OpenStudy (anonymous):

Okayy... I'm thinking somewhere along the lines of how in our lives, sometimes we can come to value the little things in life, and those are the ones that we have brought along with us since we were young. Im really having a hard time putting this into a few simple words though in theme form. Usually Ive learnt that themes consist of a word abstract concept, so like love. So I want to say nature, but I know that thay's wayyy off.

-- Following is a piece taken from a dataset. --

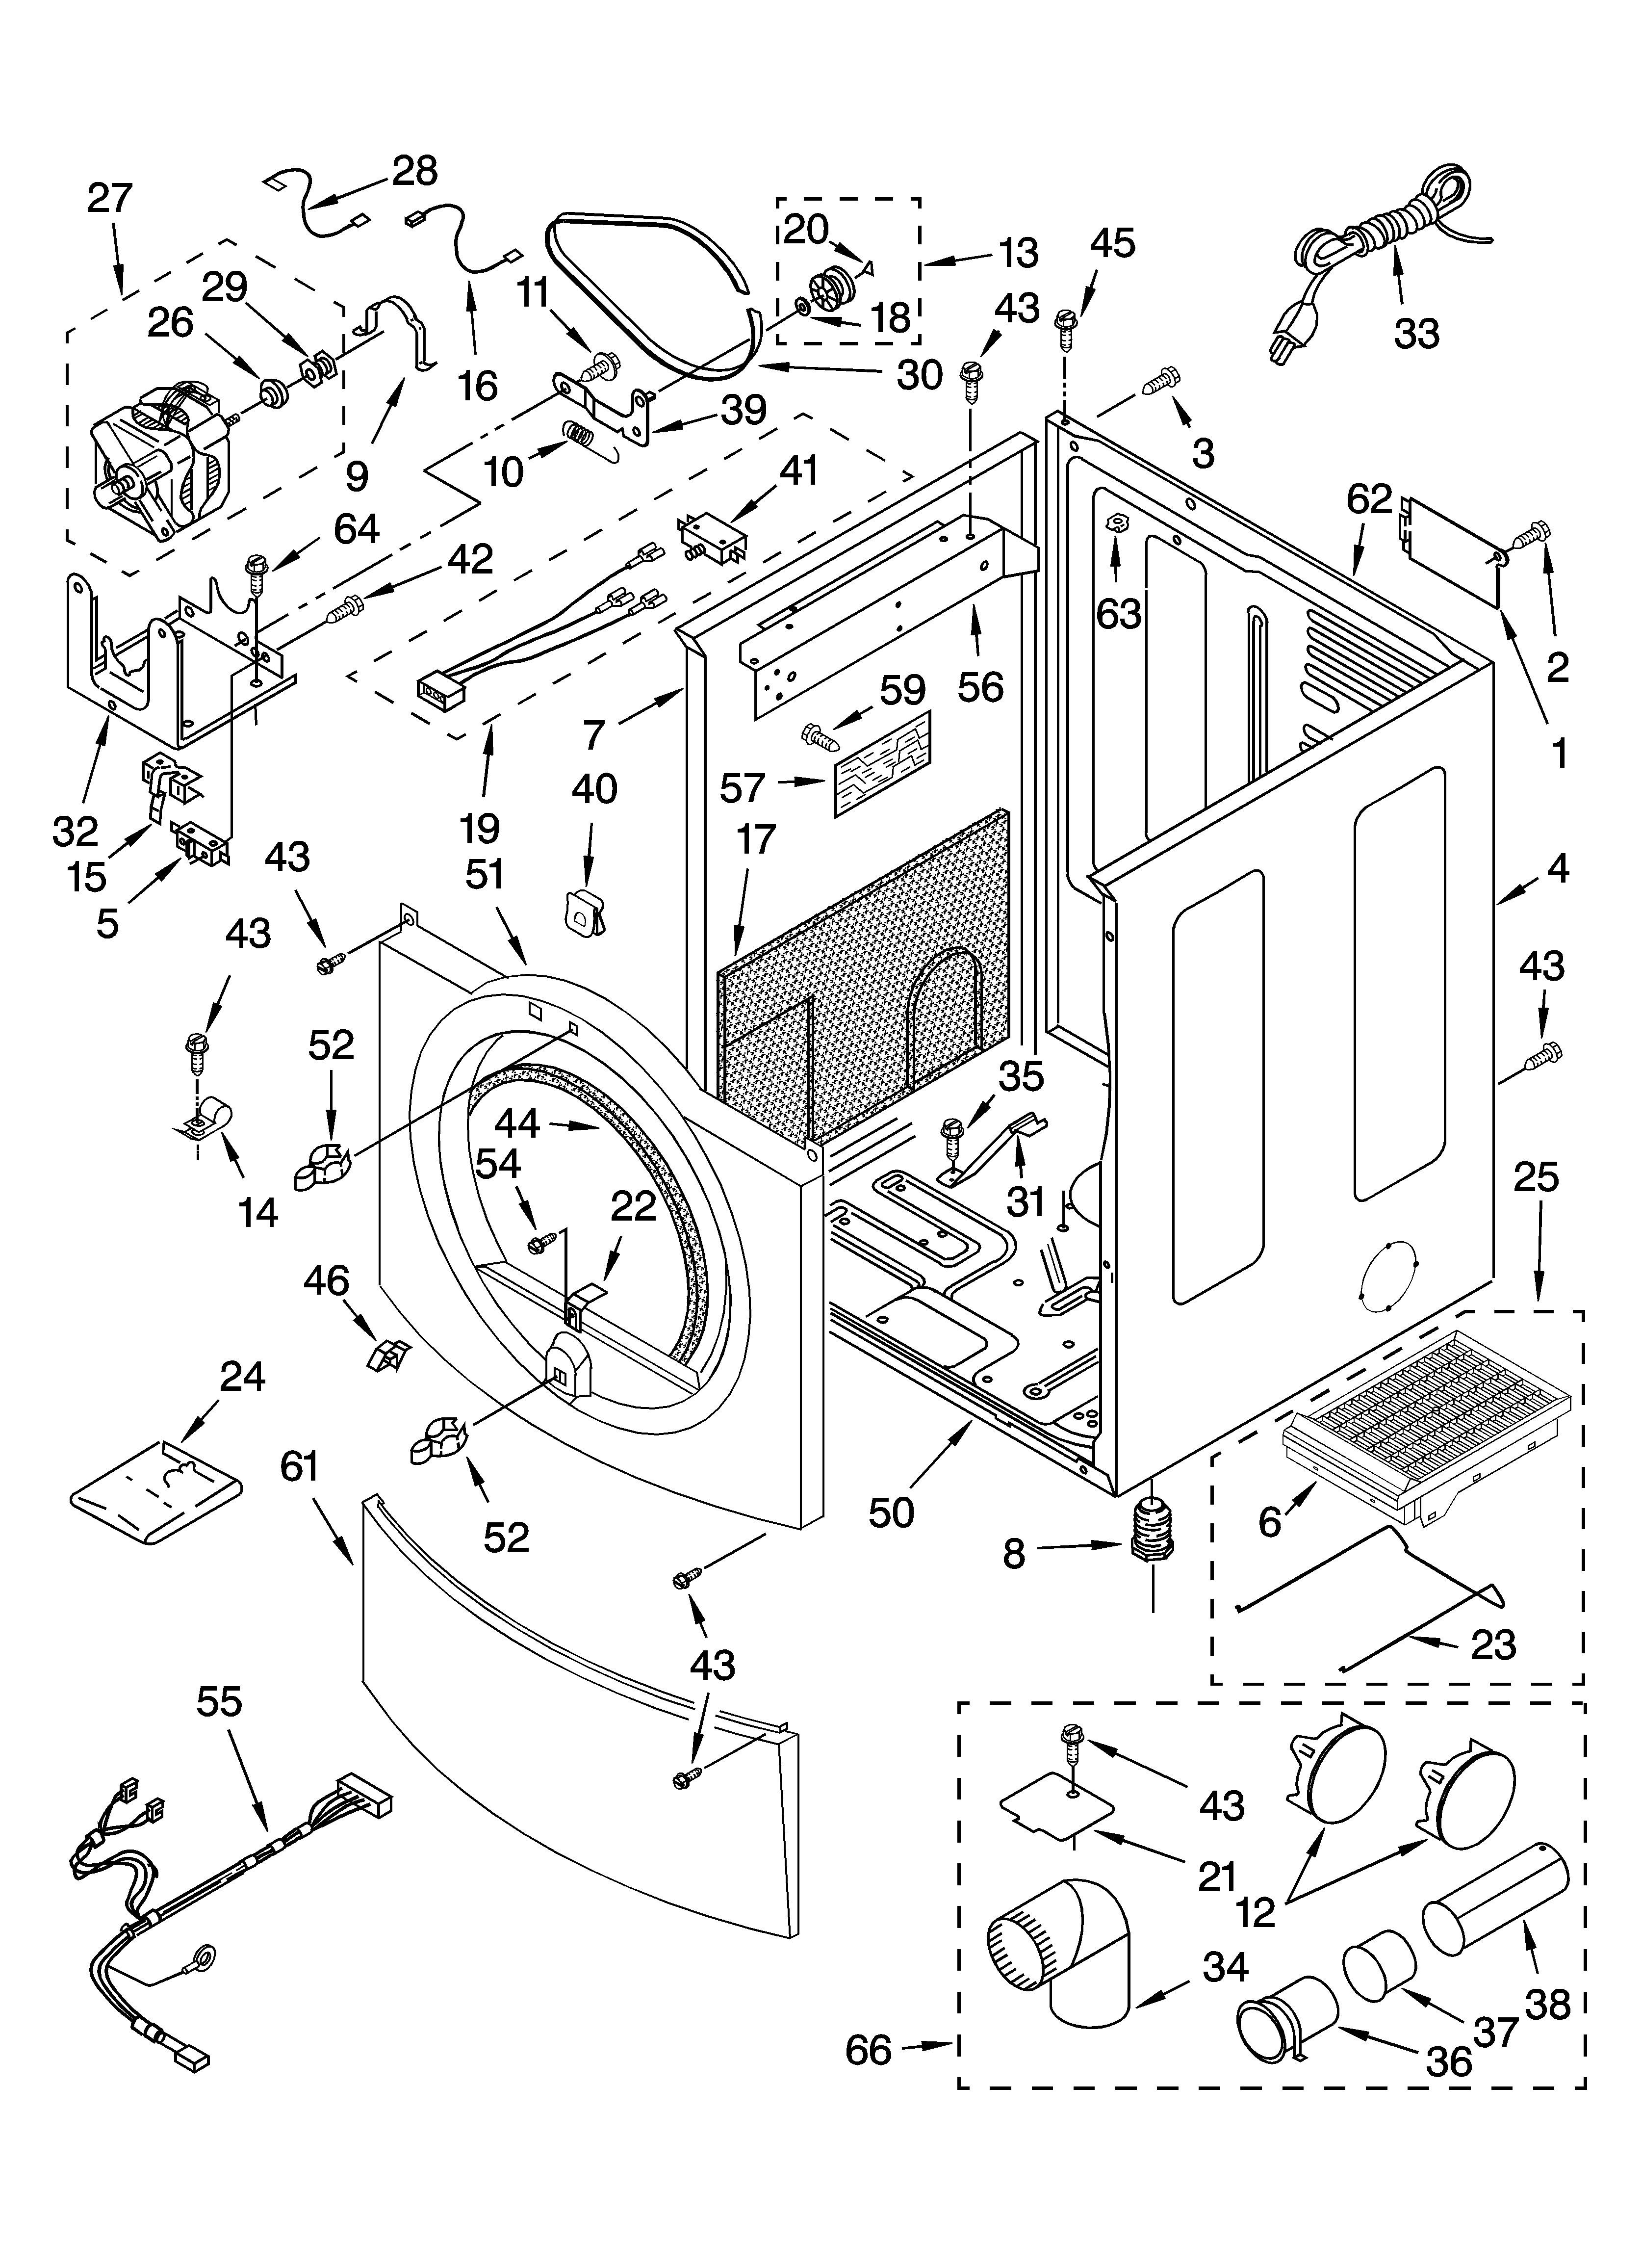 Admiral Dryer Parts Diagram Kenmore Elite Model Residential Dryer Genuine Parts Of Admiral Dryer Parts Diagram

Ummm... Maybe, naivety vs. fantasy?

OpenStudy (anonymous):

Or maybe reality vs, fantasy

OpenStudy (jagatuba):

You've got the right idea. There would be more than one way to state the theme of this poem, but I would say, "Innocence lost to age." Something like that.

OpenStudy (jagatuba):

I think with more thought you could probably do better than that.

OpenStudy (anonymous):

Okay thanks so much for your help. Is it okay if I can maybe contact you in the future if I have more questions?

OpenStudy (jagatuba):

Sure. If you want to alert me to a question, just enter @jagatuba at the beginning or the end of your question.

OpenStudy (jagatuba):

Welcome to OpenStudy by the way.

OpenStudy (anonymous):

Okay, that's great to know! Thank you!